Cette dernière remarque de Michel Poizat est capitale puisqu’elle met en évidence l’ingéniosité de ce concept lacanien qui, en éludant de spécifier ce qu’il désigne, nous rappelle que les « “pères” et les “mères” dans la théorie analytique désignent avant tout des lieux et des fonctions dans une structure » (Poizat, 2001 : 115). C’est d’ailleurs pour cette raison qu’il n’y a « nulle contradiction à ce que ce soit, selon Lacan ou Mélanie Klein, une instance mise du côté de la mère […] qui vienne occuper la même position que celle que, dans le mythe de Totem et tabou, Freud représente par le “père” de la horde primitive » (Poizat, 2001 : 115). En effet, le père primitif et la mère dévorante ont un point commun : ils occupent tous deux la place de l’Autre.

Ce détour par l’hypnose n’a donc pas été vain puisqu’il nous a permis d’organiser en concepts la dynamique de la fascination et, partant, de mieux comprendre son fonctionnement. De même que, comme le souligne Freud, l’hypnotiseur a pris la place de l’idéal du moi aux yeux de l’hypnotisé, de même celui ou celle qui fascine incarne, pour le sujet fasciné, une figure de l’Autre. Ainsi, dans le cadre de la pulsion invocante, c’est la voix de l’Autre qui fascine le sujet, c’est-à-dire la voix qui a trait au père primitif (le schofar339) ou à la mère archaïque (les sirènes), la voix de celui ou celle qui se situe à la place de l’Autre pour un sujet donné.

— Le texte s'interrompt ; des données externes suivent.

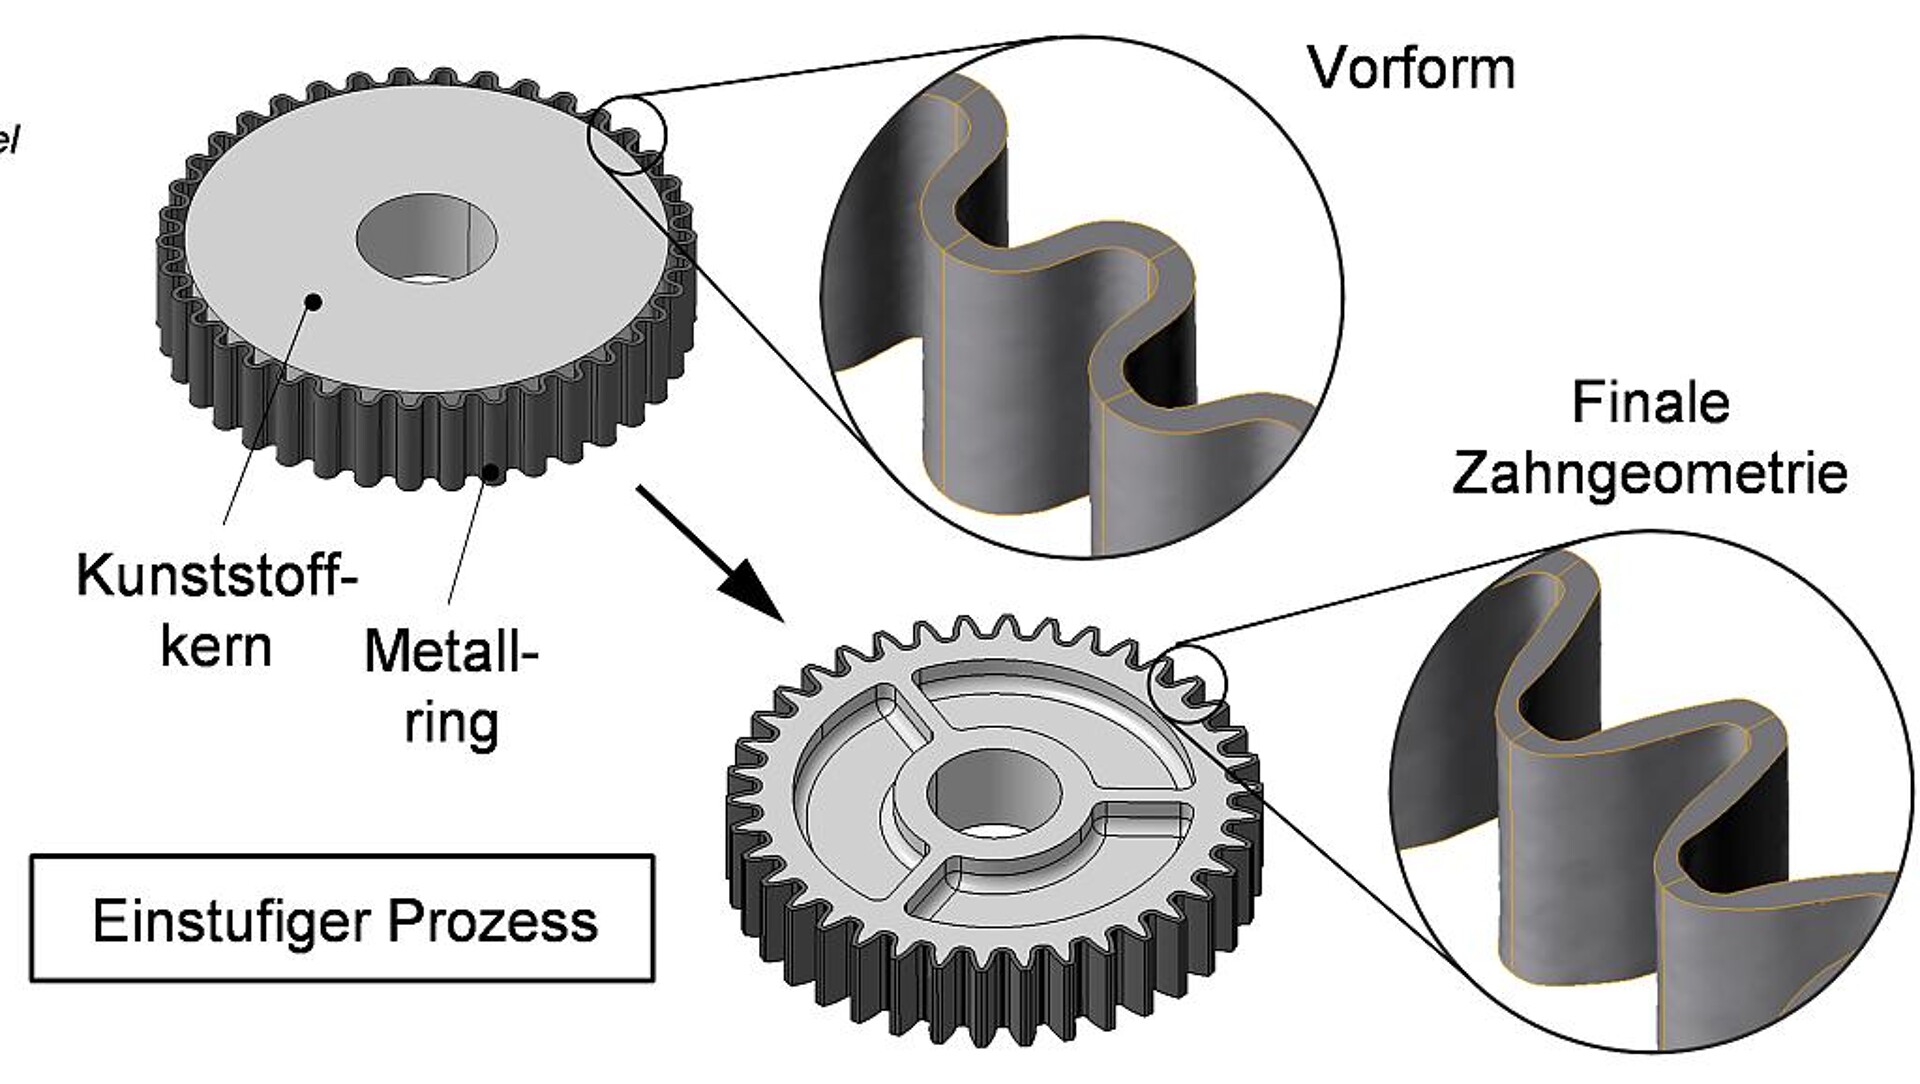 Beispiel für eine Hybridumformung: Durch Prägen eines Kunststoffkerns mit einem umliegenden metallischen Preform-Ring entsteht ein Zahnrad. Bei diesem Prozess ändert sich auch die Geometrie des metallischem Preforms. (Abb.: IKT)

Or, la personne qui occupe cette position est souvent l’objet de l’amour ou de la haine du sujet.

Notes
331.

Voir à ce sujet : Sigmund Freud, L’interprétation des rêves (1900), (Paris, Presses Universitaires de France, 1999), p. 460.

332.

Sigmund Freud, « Psychologie des foules et analyse du moi » (1921), Essais de psychanalyse, (Paris, Payot, 2001), p. 199.

333.

Ibidem, p. 216.

334.

Sigmund Freud, « Psychologie des foules et analyse du moi », Essais de psychanalyse, (Paris, Payot, 2001), p. 199.

335.

Michel Poizat, Vox populi, vox Dei, (Paris, Métailié, 2001), p. 163. Les références à cet ouvrage seront désormais indiquées sous la forme suivante : (Poizat, 2001 : 163).

336.

Sigmund Freud, « Le moi et le ça » (1923), Essais de psychanalyse, (Paris, Payot, 2001), p. 274.

337.

Ibidem.

338.

Voir à ce sujet ce que dit Jacques Lacan dans le Séminaire I, (Lacan, 1998a : 289-290, 303-309).

339.

Voir à ce sujet les remarques de Lacan dans le Séminaire X à propos des analyses de Theodor Reik, (Lacan, 2004 : 295). Voir également annexe n°2, p. 428.